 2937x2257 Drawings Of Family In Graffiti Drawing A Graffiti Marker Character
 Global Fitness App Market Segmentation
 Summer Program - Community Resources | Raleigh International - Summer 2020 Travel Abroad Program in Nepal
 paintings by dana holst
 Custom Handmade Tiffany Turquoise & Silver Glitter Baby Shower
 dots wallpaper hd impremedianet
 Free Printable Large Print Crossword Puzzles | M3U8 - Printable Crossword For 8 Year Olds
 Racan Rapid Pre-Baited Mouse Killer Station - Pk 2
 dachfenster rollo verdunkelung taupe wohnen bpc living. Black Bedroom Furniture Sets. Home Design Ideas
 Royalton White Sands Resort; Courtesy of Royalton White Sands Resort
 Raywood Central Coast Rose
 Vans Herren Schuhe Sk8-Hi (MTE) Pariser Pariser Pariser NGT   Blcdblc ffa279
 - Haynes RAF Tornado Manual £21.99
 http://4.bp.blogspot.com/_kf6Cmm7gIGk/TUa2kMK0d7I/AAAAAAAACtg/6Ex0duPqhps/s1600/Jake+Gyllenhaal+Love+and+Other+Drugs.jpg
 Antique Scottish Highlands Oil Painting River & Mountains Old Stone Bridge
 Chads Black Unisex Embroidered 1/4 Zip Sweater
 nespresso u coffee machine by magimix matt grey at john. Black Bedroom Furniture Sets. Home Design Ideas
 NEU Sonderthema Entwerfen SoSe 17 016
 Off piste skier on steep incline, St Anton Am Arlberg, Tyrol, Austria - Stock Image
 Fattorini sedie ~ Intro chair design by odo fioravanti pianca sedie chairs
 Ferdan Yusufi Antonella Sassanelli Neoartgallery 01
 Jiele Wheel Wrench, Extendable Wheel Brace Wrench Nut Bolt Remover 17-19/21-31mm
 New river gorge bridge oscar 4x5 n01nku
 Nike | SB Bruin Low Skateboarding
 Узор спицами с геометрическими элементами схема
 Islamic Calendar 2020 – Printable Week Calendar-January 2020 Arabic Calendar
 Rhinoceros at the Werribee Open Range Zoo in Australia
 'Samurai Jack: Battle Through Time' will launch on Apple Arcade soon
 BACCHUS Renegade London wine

- - - -

• _ACTIVITY_:
Retype, exactly and in full, the lines above from the one containing "Off piste skier" through the one containing "Jiele Wheel Wrench, Extendable".

• _ANSWER SECTION_:
 Off piste skier on steep incline, St Anton Am Arlberg, Tyrol, Austria - Stock Image
 Fattorini sedie ~ Intro chair design by odo fioravanti pianca sedie chairs
 Ferdan Yusufi Antonella Sassanelli Neoartgallery 01
 Jiele Wheel Wrench, Extendable Wheel Brace Wrench Nut Bolt Remover 17-19/21-31mm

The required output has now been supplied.